What you will do
Although the data below contains pictures, output only the lines between those holding "Jasa Desain Rumah Minimalis Ukuran 6x8" and "Page 8 of manga", inclusive, exactly and without those pictures.

Given information
==============================

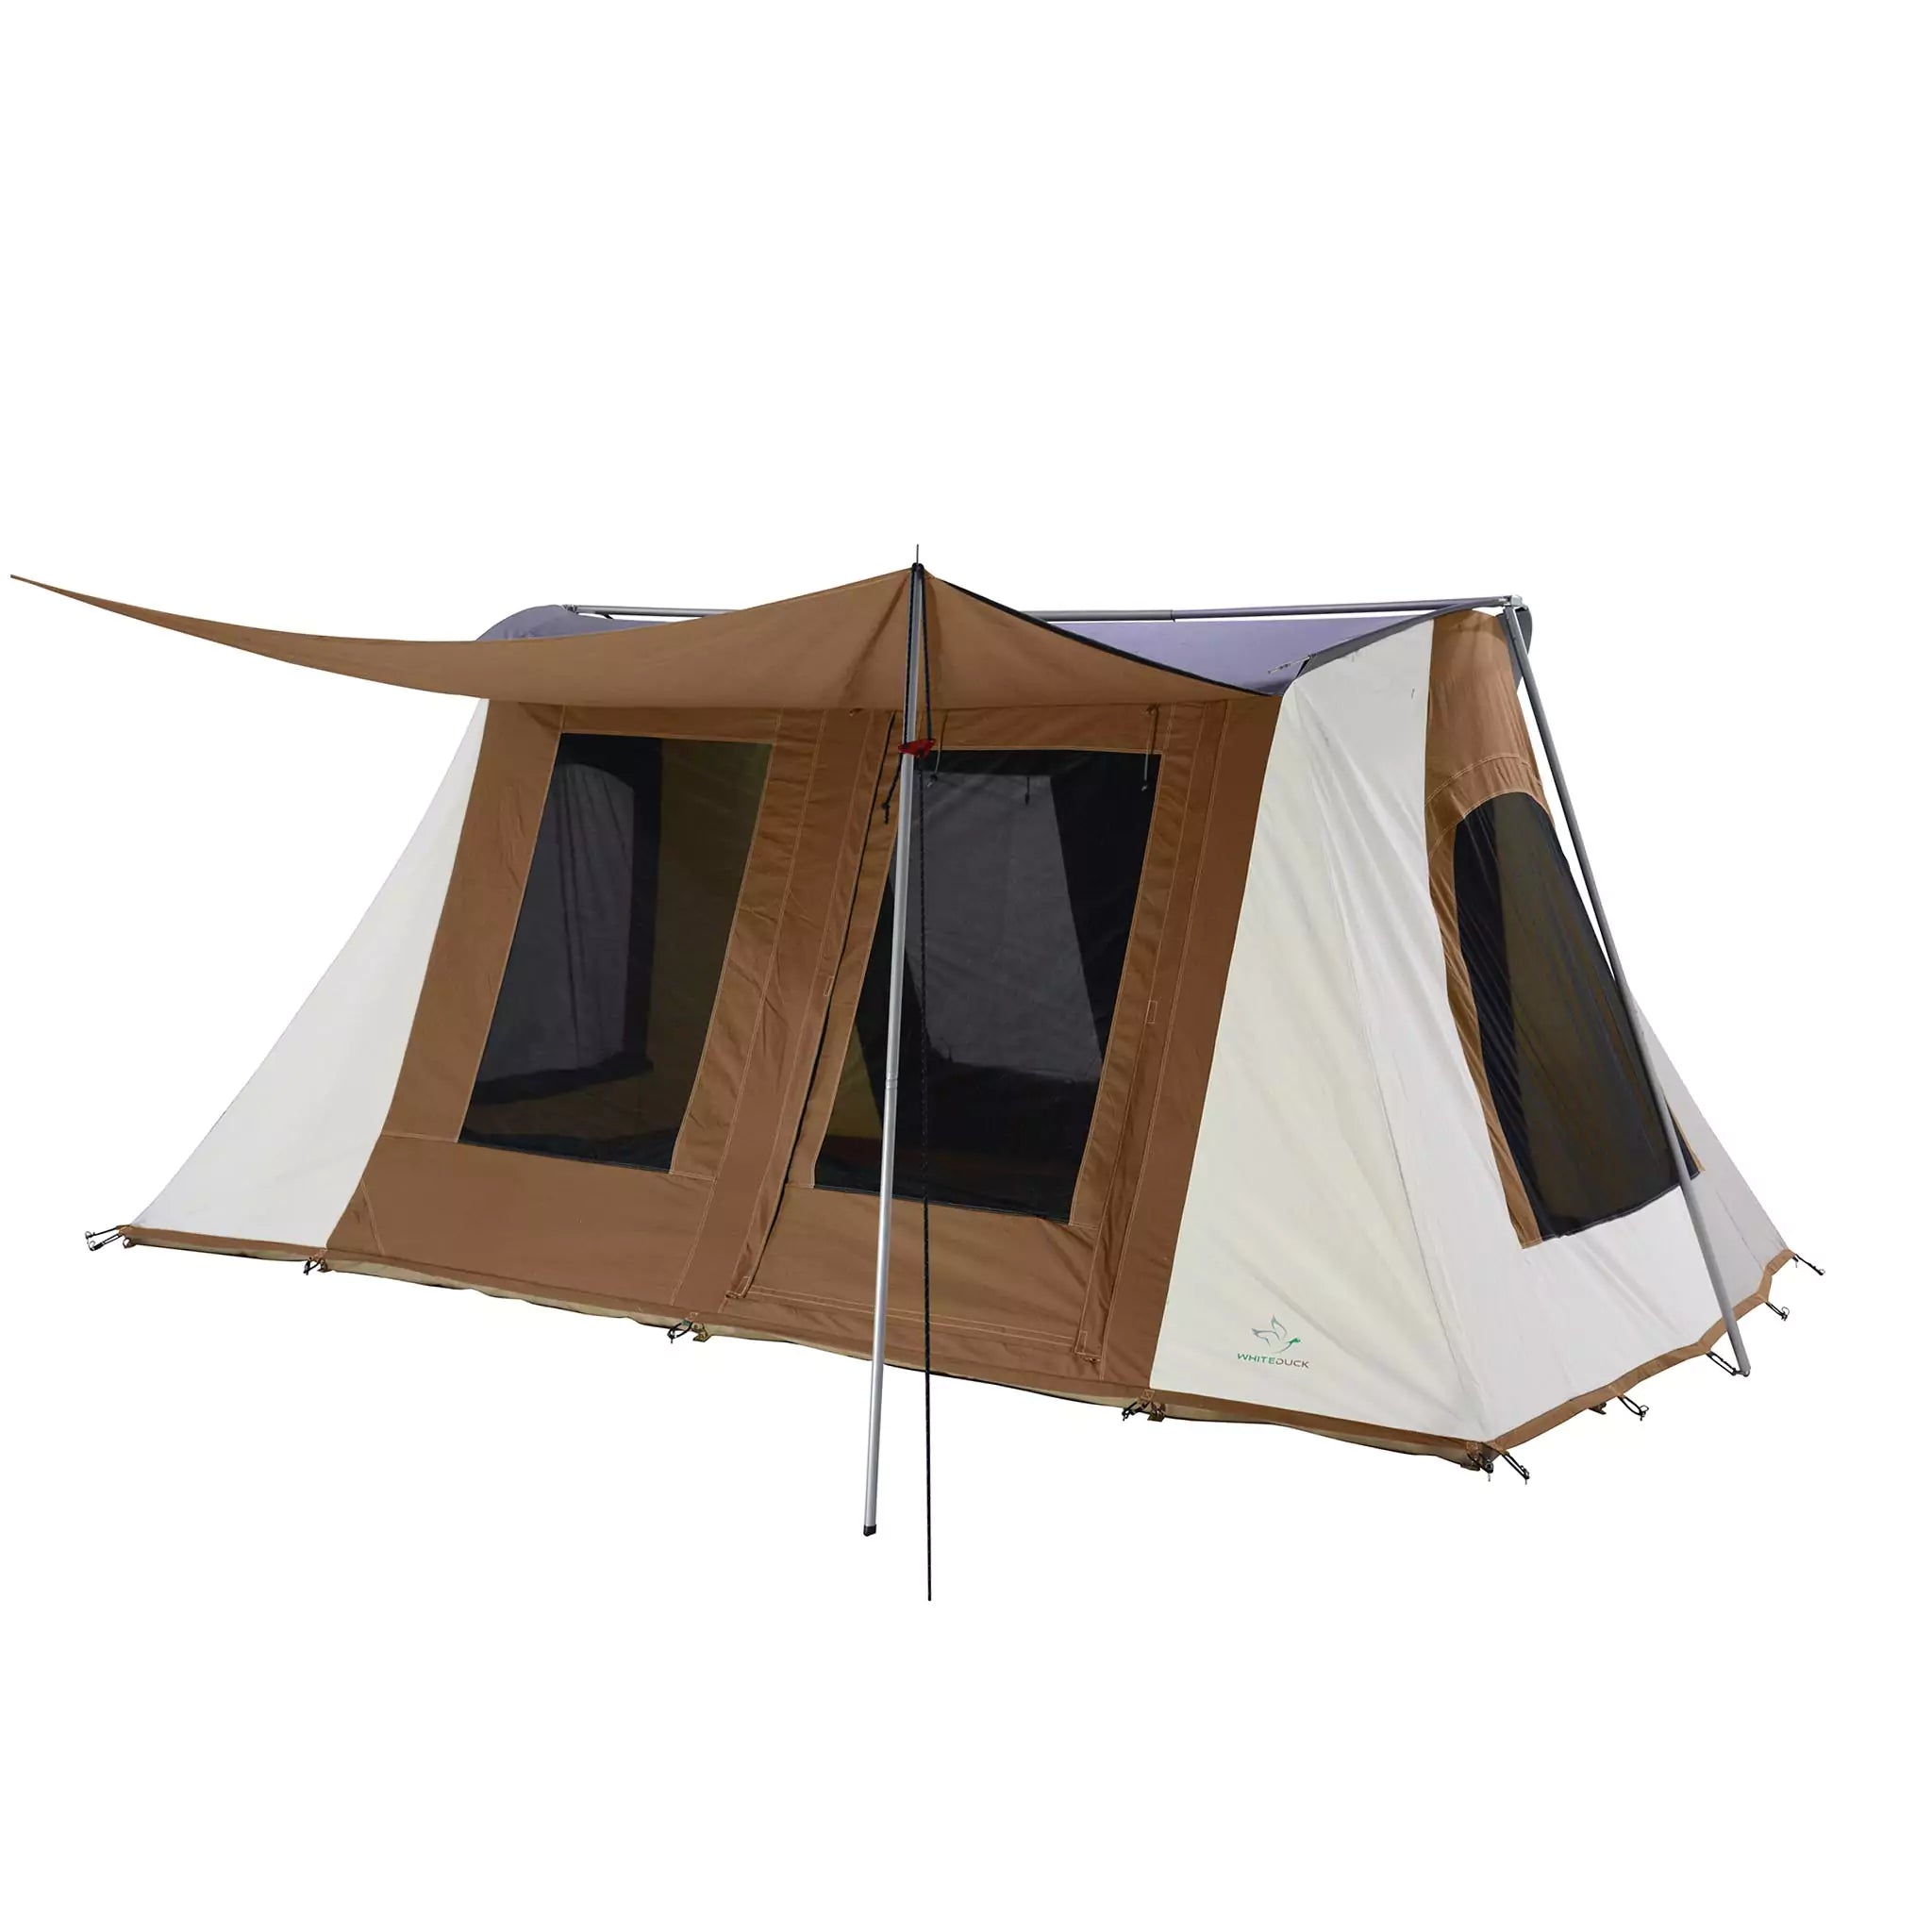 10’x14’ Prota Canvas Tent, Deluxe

==============================

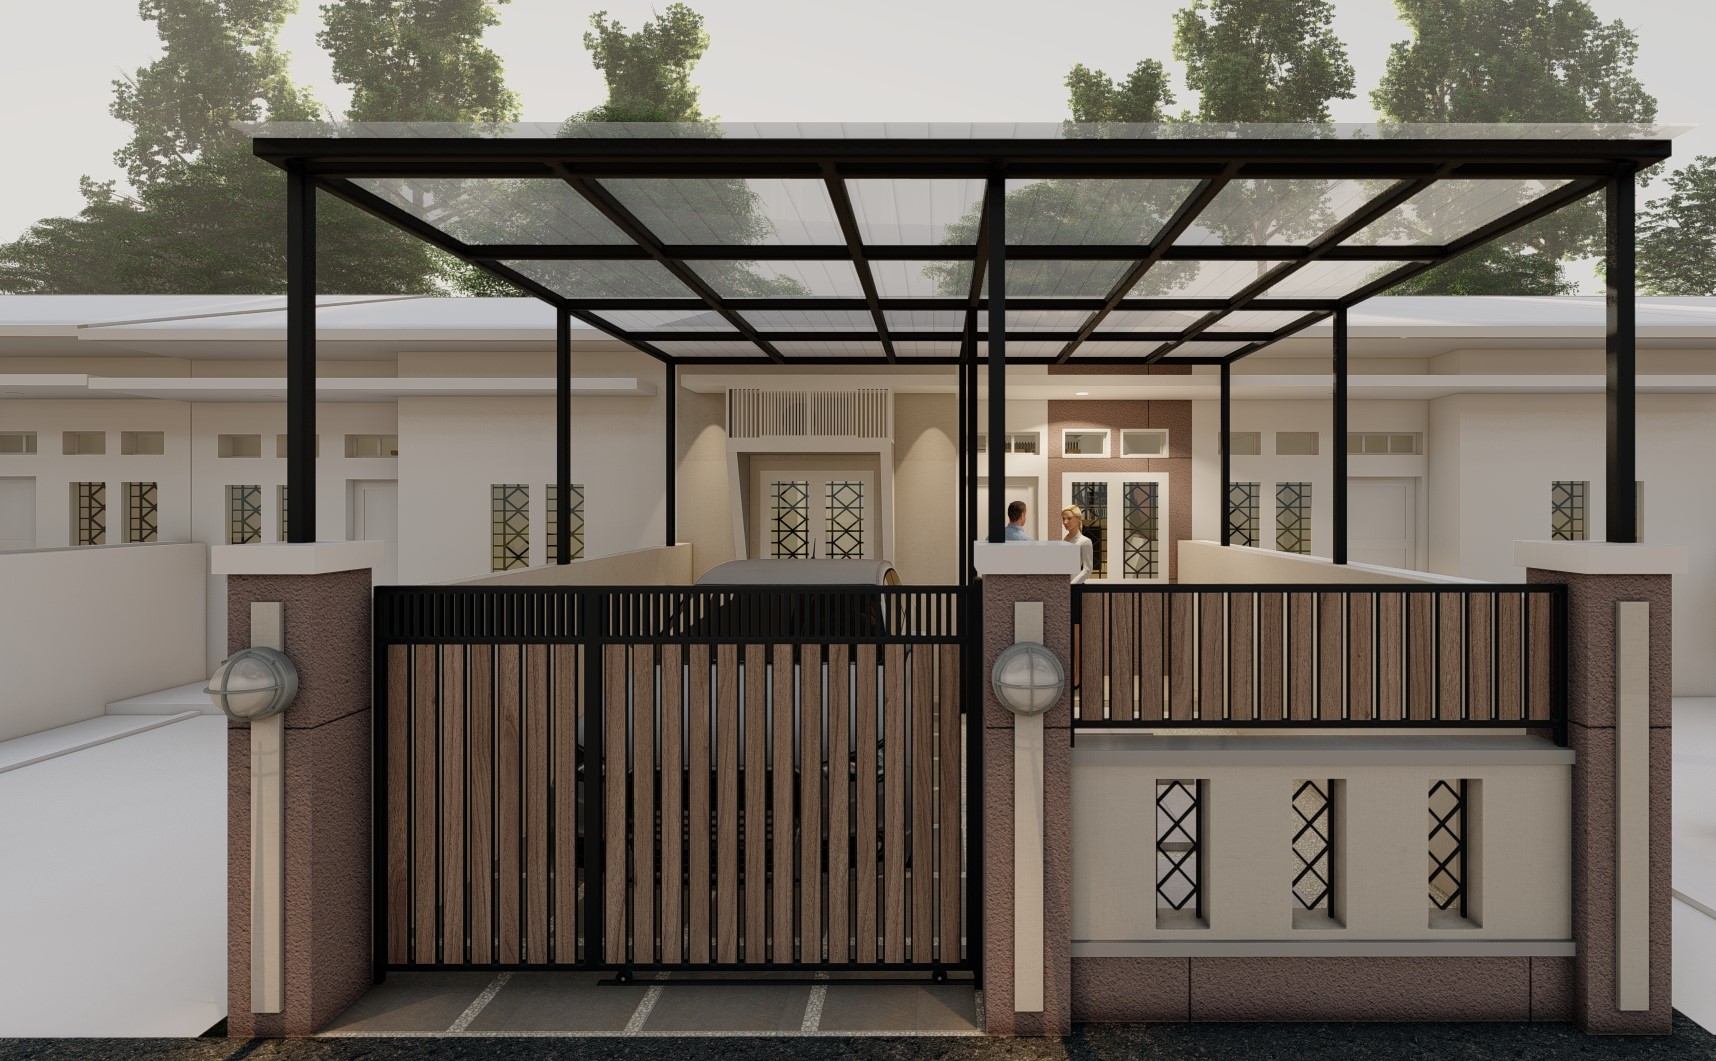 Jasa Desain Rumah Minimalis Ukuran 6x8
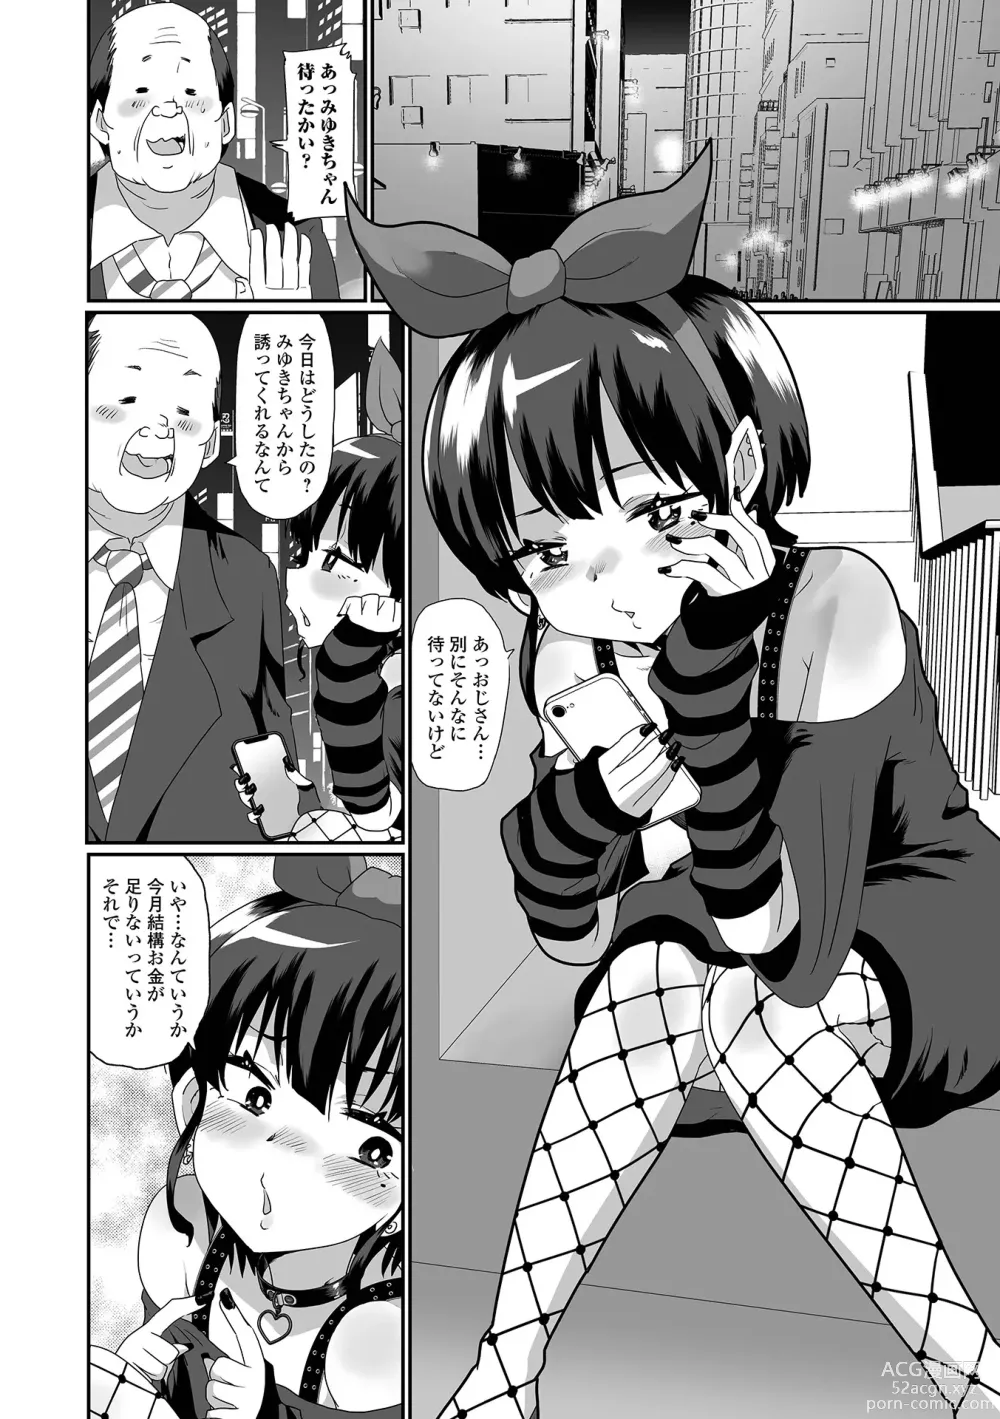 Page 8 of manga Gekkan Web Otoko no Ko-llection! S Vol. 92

==============================

Solved exercise
 Jasa Desain Rumah Minimalis Ukuran 6x8
 Page 8 of manga Gekkan Web Otoko no Ko-llection! S Vol. 92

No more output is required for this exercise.